Curbing Abuses in Export of Waste. GLOBAL CONFERENCE SETS GUIDELINES

AFTER months of political wrangling, the world has taken a halting step toward reining in the global traffic in hazardous waste. At a meeting here this week - attended by 116 countries - a new treaty was hammered out that sets guidelines for monitoring the trade. But even advocates admit this is just the beginning of an uphill battle.

The convention falls far short of what some countries wanted: an outright ban on waste exports. It's also not clear whether some key countries, including most African nations and the United States, are willing to ratify the treaty. Still, many diplomats say the agreement represents a ``first step'' toward getting the waste export business out into the open.

It's an urgent task. In recent years, barrels of imported waste have shown up on docks from Bangkok to Benin - angering poorer nations worried that they're becoming the industrialized world's ``dustbin.''

Often, the waste comes from countries where stiff environmental regulations have hiked disposal costs, making it profitable to send the material far away.

``We simply don't have the mechanisms to control this trade,'' says Alexandre Sambat, head of Gabon's delegation to this week's meeting.

A group of 40 African nations refused to sign the new treaty, saying they'd discuss it at a regional meeting in June. Many African and South American countries want to craft regional agreements with stricter provisions than those envisioned here.

The convention - sponsored by the UN's Environment Programme - requires waste exporters to get written approval from an importing country before any shipment is sent. It also obliges exporters to take back illegally shipped waste.

Of the countries present at this week's meeting, only 34 signed it on the spot. Many more will do so in coming months. The treaty must be formally ratified by 20 states before it can take effect.

Some 40 developing nations already ban the import of hazardous waste. But, speaking privately, many say this isn't enough to stop a trade which is often done illegally.

``This convention provides a legal framework to continue the hazardous waste trade - it doesn't do anything to reduce that trade,'' says Kevin Stairs, a waste campaigner with the environmental group Greenpeace.

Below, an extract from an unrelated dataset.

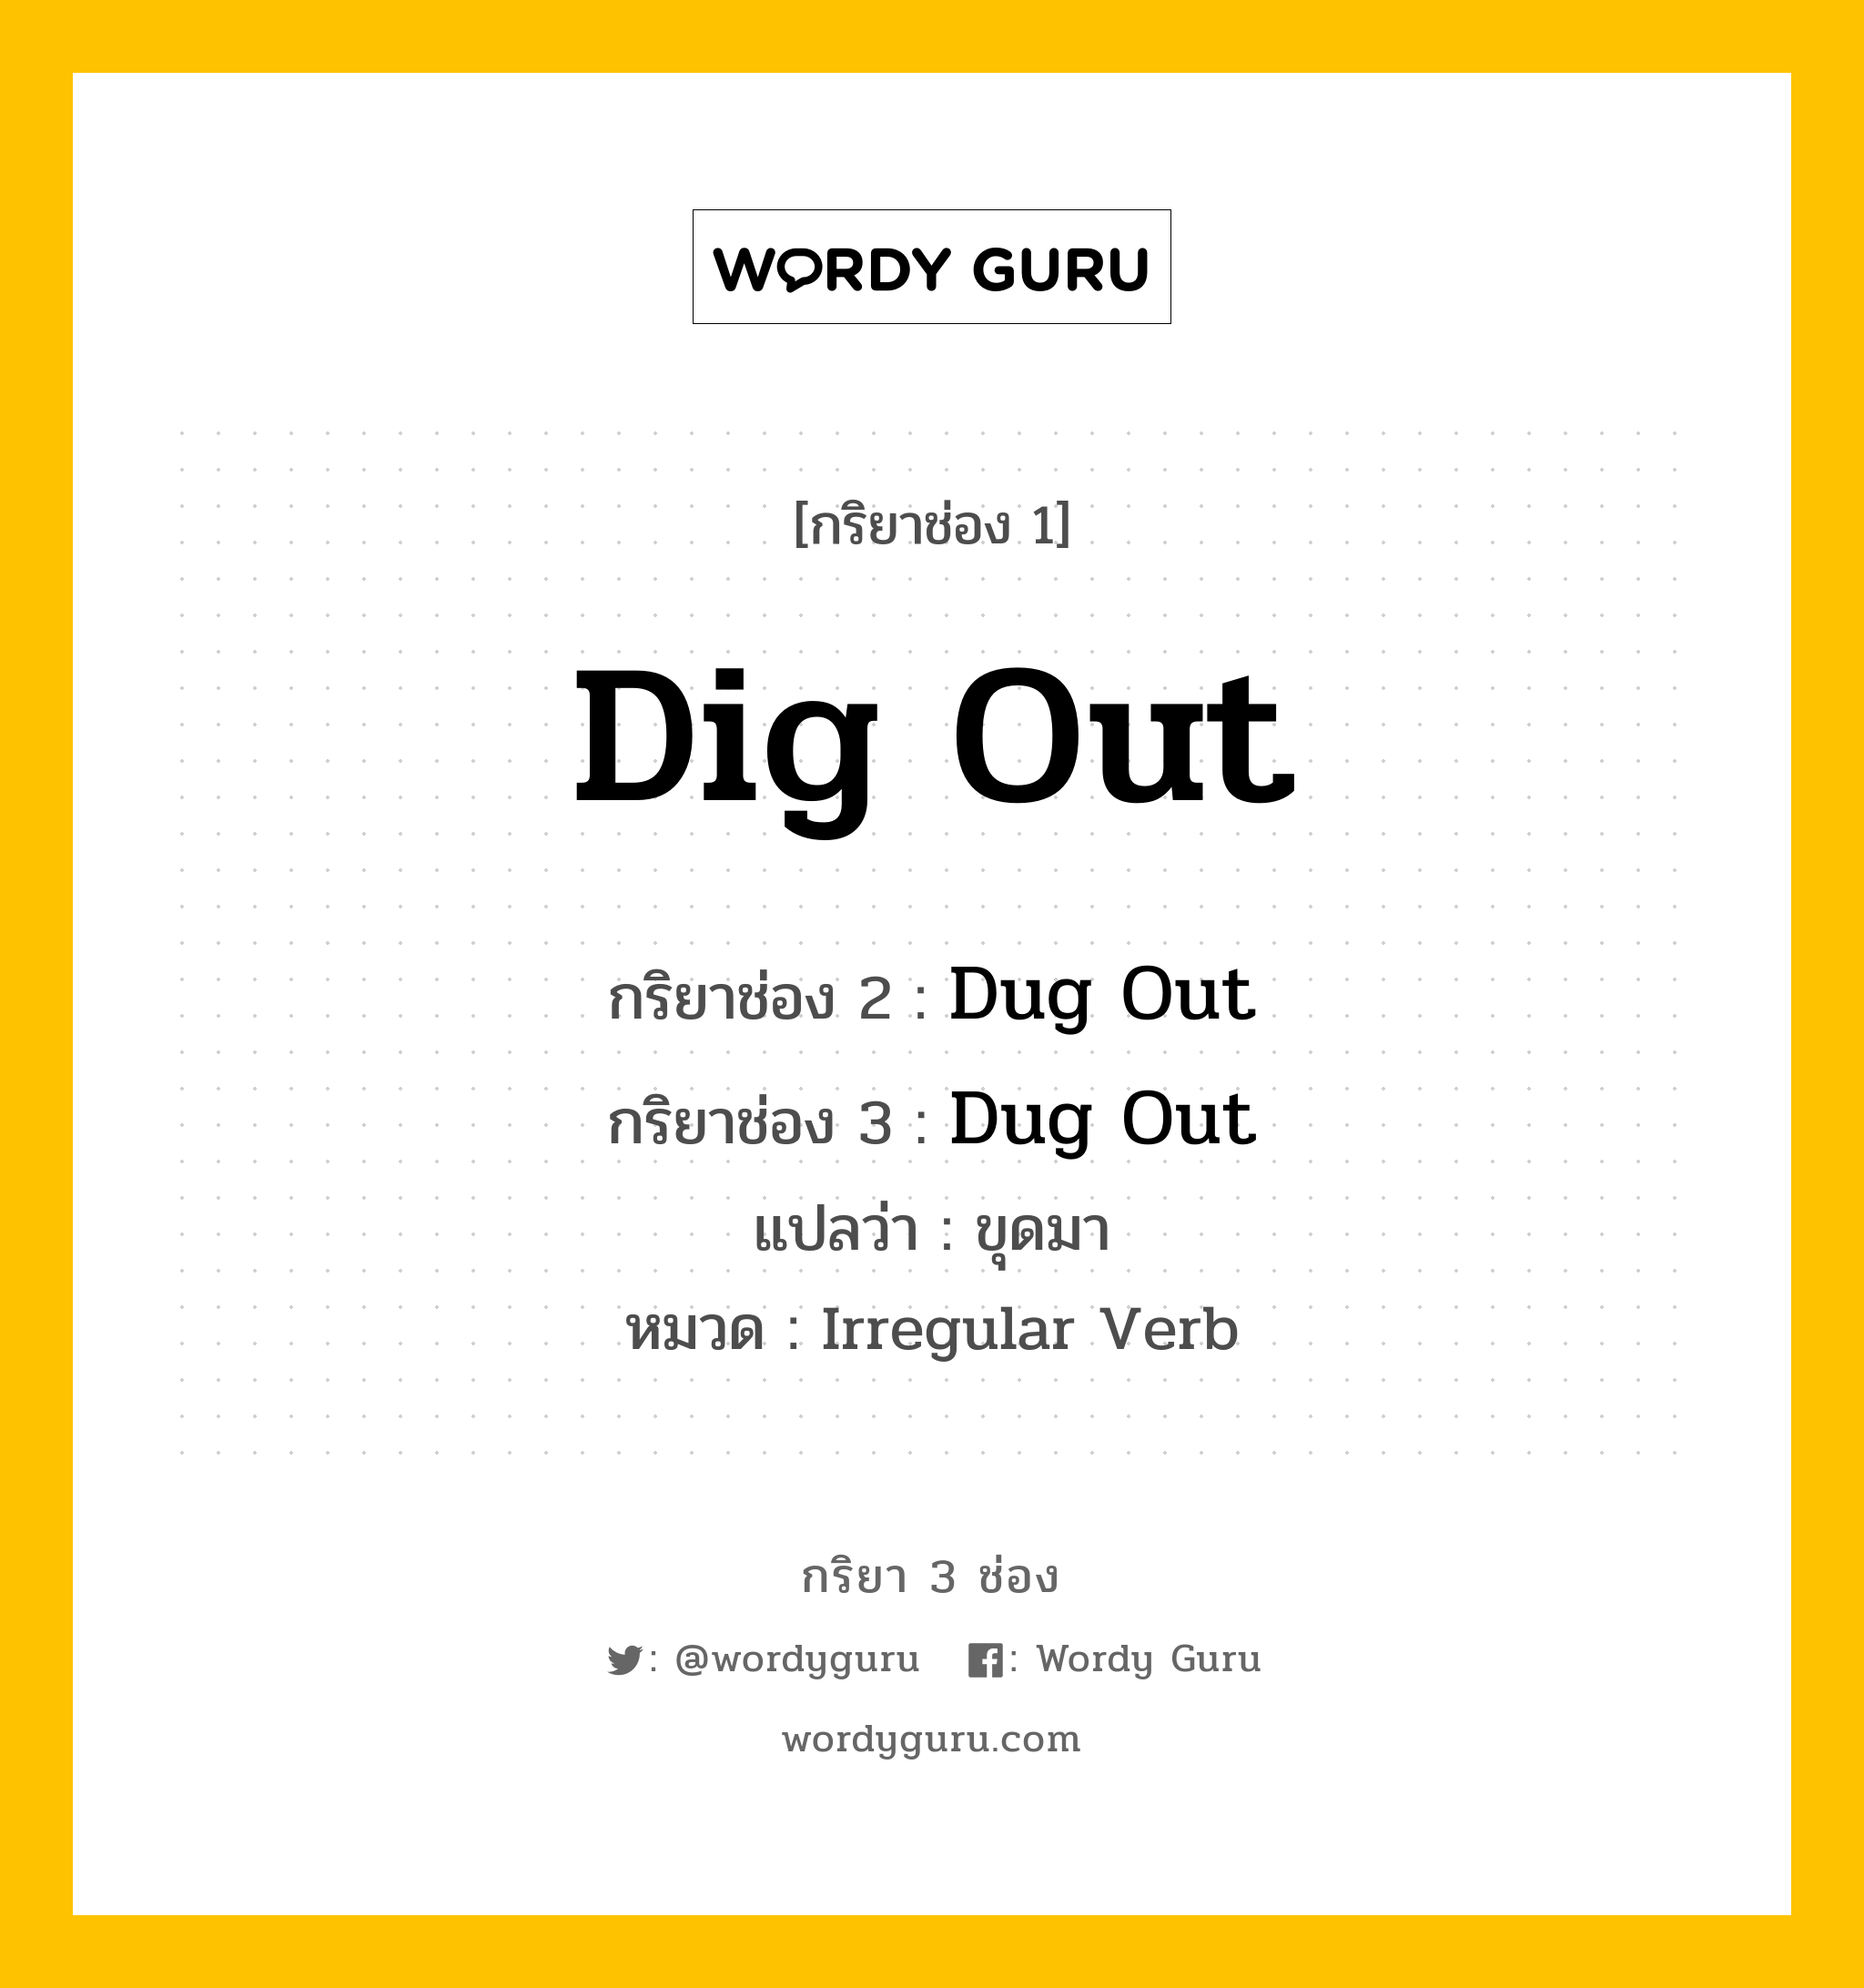 กริยา 3 ช่อง: Dig Out ช่อง 2 Dig Out ช่อง 3 คืออะไร, กริยาช่อง 1 Dig Out กริยาช่อง 2 Dug Out กริยาช่อง 3 Dug Out แปลว่า ขุดมา หมวด Irregular Verb หมวด Irregular Verb

Mostafa Tolba, executive director of the UN's Environment Programme, dubs the business ``immoral'' - since it can exploit the weaknesses of poorer societies. But he emphasizes that it was never the UN's intention to push for a total ban.

Dr. Tolba points out that many developing countries may need to export their own wastes in the near future - in the interest of sound environmental management.

It might make sense, for instance, for a crowded country in the tropics to send hazardous wastes to dumps in less densely populated and drier regions, where there's less chance of dangerous materials leaching into the soil. Plus, as countries industrialize, they may find they're unable to cope with their own wastes.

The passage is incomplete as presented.